I have a couple of simulation models I am happy to go live with now. They have a lot of overlap but some differences, which make it useful to have two.
As part of that, I have a Buy Rule which I'm comfortable about the principle behind and clearly improves results but am struggling to define exactly what numbers to use for it. e.g. a strategy may improve if one adds a buy rule that market cap has to be between x and y, or liquidity between x and y, but one needs to define exactly what numbers to use in the buy rule.
I can play around with the numbers but I know if I just go with the best result, this is really just overfitting.
So my question is - how do others deal with this situation to come to a conclusion?
Personally, I tend to avoid those kinds of buy/sell rules except for say minimum liquidity/volume filters.
But one technique I've used and recommend is to try perturbing your parameter values to see how stable your simulation results are. In particular, strategies with longer holder periods or fewer positions will have fewer trades, so small changes in the selected tickers can have wider swings in your strategy's CAGR, Sharpe, and drawdowns. If you find those metrics jumping up and down as you perturb your buy/sell parameter values, you're probably overfitting.
On the other hand, if you see more continuous and stable results as you change those liquidity or market cap parameters, then I would be more comfortable with the rule.
If your subscription level allows it, I've found the p123 trading system optimizer helpful for quickly running these tests on a grid search of parameter values.

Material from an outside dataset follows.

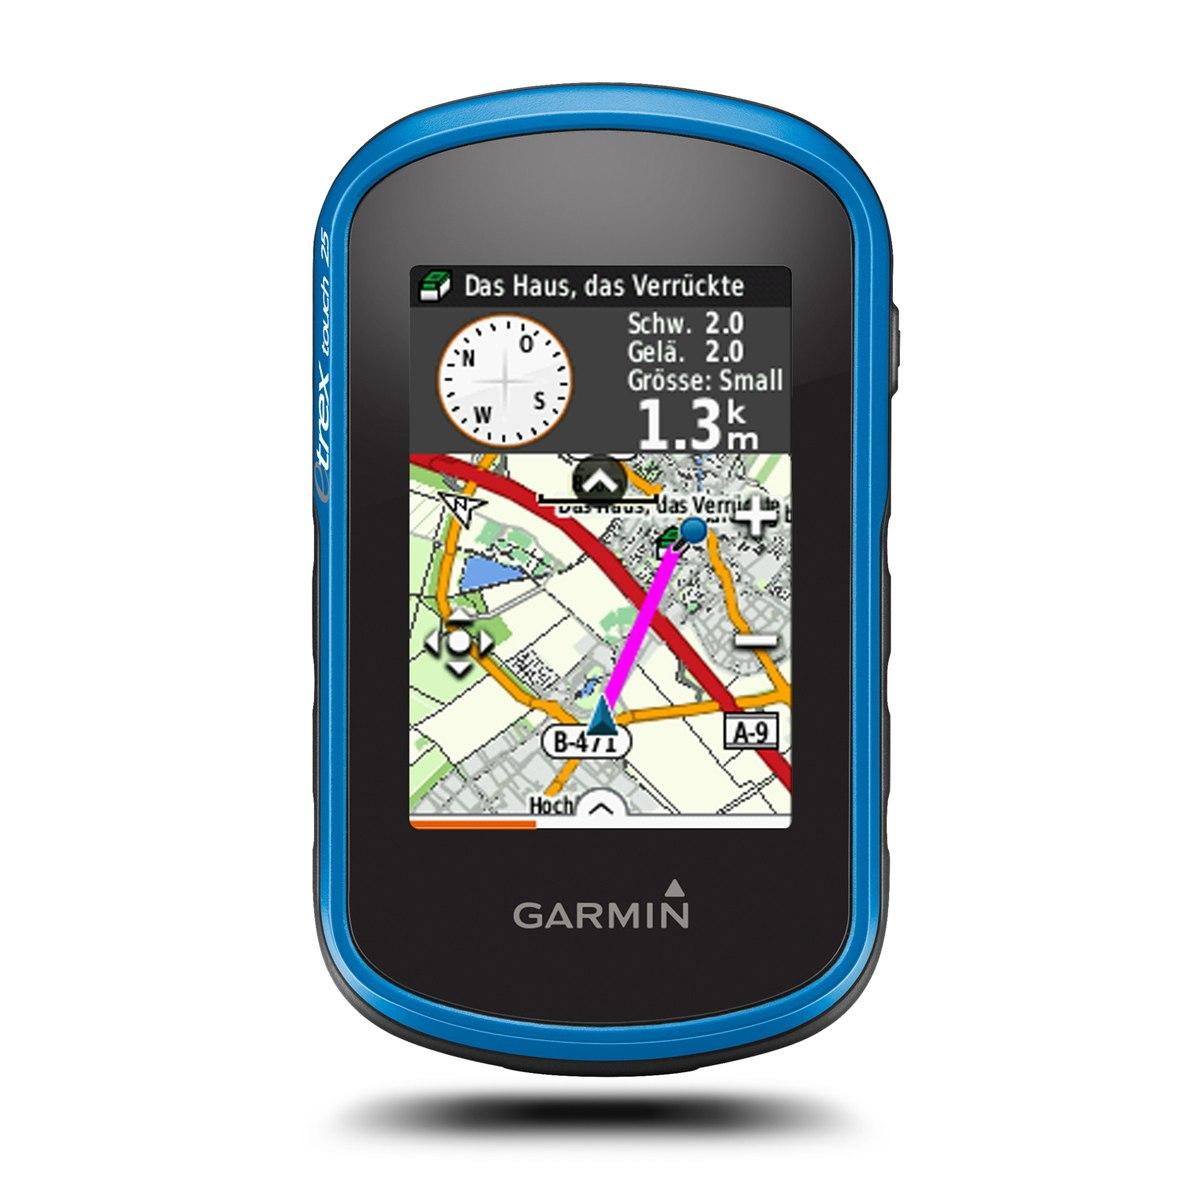 Garmin GPS eTrex Touch 25 Hand-Navigationsgerät + TopoActive Europa Karte - 010-01325-01

In situations like these I like to play around with a lot of different options for the best number to use, graph the results in Excel, and act accordingly. An approximation, even if it's a bit overfitted, is often better than avoiding the issue altogether. A good example in my case is the M-Score. I developed my own formula for this but it's still hard to decide on a fixed limit. What I ended up doing was using different limits for different ranking systems, based on testing various limits. So with one ranking system I may refuse to buy a stock if its M-score is higher than X while in another it might have a limit of Y. Put them together and some stocks will be avoided altogether while others might get only half the buys they would have otherwise (if their M-Score is between X and Y).

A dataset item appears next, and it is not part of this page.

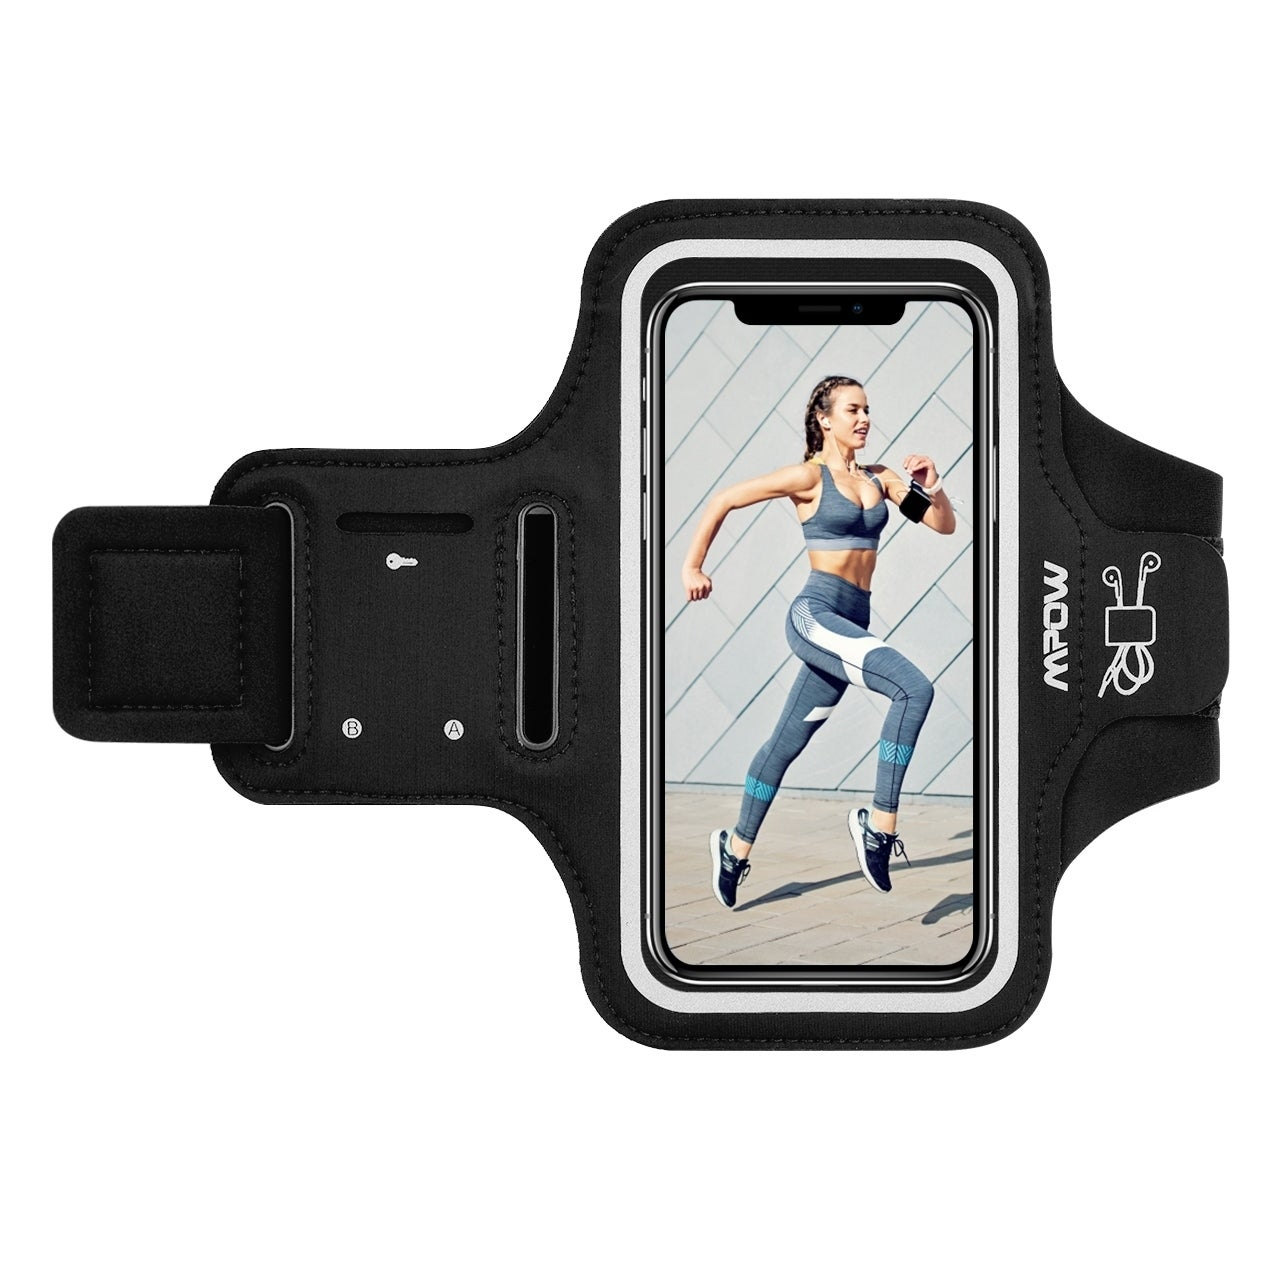 Gym Running Sports Workout Armband Phone Case For Nokia 5.1 Plus Nokia X5

When it comes to specific numbers like these, I don't think overfitting is a terrible problem. What you want to avoid is overfitting an entire system, and, as feldy points out, that often happens with strategies with long holding periods and/or few positions.
TL;DR: You can get a statistical answer as to whether your buy-rule is likely overfitting or not by using subsampling techniques. And it can be done in a practical manner now using P123's random().
It wouldn't be the worst idea in the world for P123 to incorporate the option of bootstrap validation to P123 classic.
But the next best thing to bootstrapping is subsampling (using a fraction of the sample with each run). Many do this in a different context with mod(). Also XGBoost uses subsampling and this is formally called stochastic gradient boosting. Bootstrapping and subsampling are one of the most commonly used methods for statistics and machine learning. Many at P123 have independently discovered its usefulness (e.g., using mod())—a testament to the method and P123 members abilities.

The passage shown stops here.